The first is that yes, it is getting worse. Many kids today are growing up not only faster (due to more exposure to more resources and information via our new information age and it's technological toys) but also with a sense of...arrogance and lack of respect and empathy for their fellow human. I see this trait spanning across economic, racial, gender, and religious lines. Whether it's rich priviledged kids who feel it's their right to do whatever they want or poor kids who feel that they have nothing to lose; black or white, green or purple; girls or boys; christians, jews, muslims - I see it.

I find myself starting to sound like my father..."When I was a kid..." but it's TRUE! When I was a kid, there was a sense of respect you had for your elders. Now, I get five year olds giving me the finger.

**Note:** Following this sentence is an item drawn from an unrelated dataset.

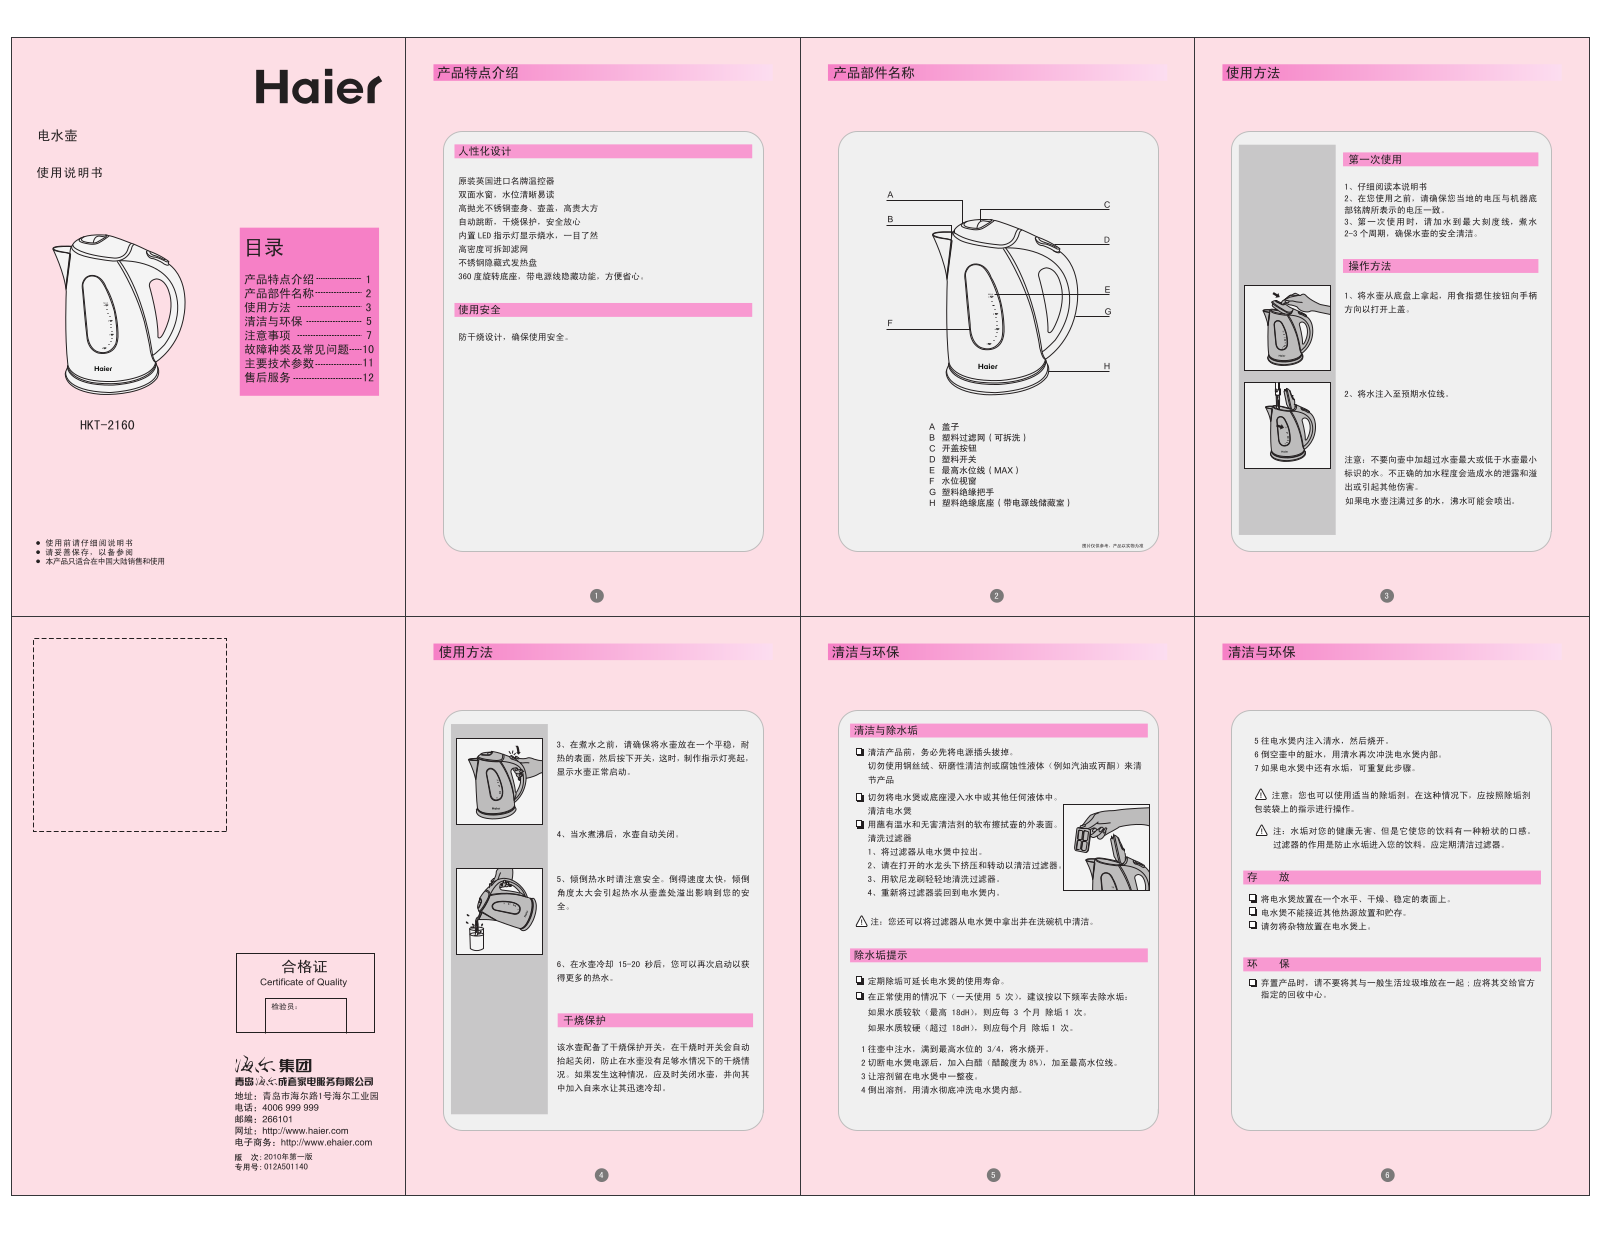 Haier HKT-2160 User Manual

When my FATHER was a kid, he got mugged by a gang of boys for his shoes. They beat him up and took the shoes and he had to walk home barefoot. Nowadays, there is a good chance that same kid would get shot for those shoes.
30 years ago people settled scores by a good old fashioned fight with your fists. Now, ten-year-olds are picking up guns and shooting each other for stepping on their shadow.

So yeah...there is an argument for the first side of this coin.

However, the second side is also as compelling. We are comparing the atrocities that are going on now to our current experience of what we know and understand. If we go back in time, though, and compare it to...say...a time when feeding Christians to the lions and hanging out, eating grapes and getting a blowjob while it happened was a regular part of society, then perhaps things aren't so bad.

There was The Inquisition, The Salem Witch Hunts, thousands of horrific events; hell - even gunslingers in the Old West would just shoot out their differences in the middle of the street. Then again - if you stole a horse you were hung, so...

I think the point is that violence was prevalent and an almost natural medium all through human history...so is it really any worse?

And, dear reader, I pose the question: should be really surprised that this has happened? My prayers go out to all the families that lost a loved one during this tragedy and I mean no disrespect, but in all honesty, I'm truly surprised that this doesn't happen more often. Like...once a month.

Considering the fact that we as humans (no matter how much yoga, meditation, prayer, affirmations, etc., try to do) have proven ourselves to be a mostly violent society (take a look at what's popular on either tv, video games, movies and our history) - which is not our fault in some respects, because we are human and humans are not devoid of those emotions; and then taking into consideration the fact that a sizable chunk of the population are just TOTALLY INSANE - and I don't mean people who are depressed or anxious or suffering from a psychological disorder, I'm talking about complete sociopathic or psychotic personalities, many of whom are able to keep it together and keep it under wraps - I'm surprised that this kind of thing doesn't happen all the time.

My friend was a bit shocked - and interested - when I said that, but I meant it. Thank God it doesn't happen more often, I really do thank God for that - but I am surprised...

Just another reason why we should be thankful for each and every day we have.

1 Comments:

Blogger Pendullum said...

I think what is getting worse is gun culture.

Guns kill.Plain and simple. And for a person,a citizen to go and purchase hollow bullets,rounds and rounds of bullets...

This person who did the shooting was mentally not well. He was derranged.

If he did not have the bullets the worst he could have done was to harm himself.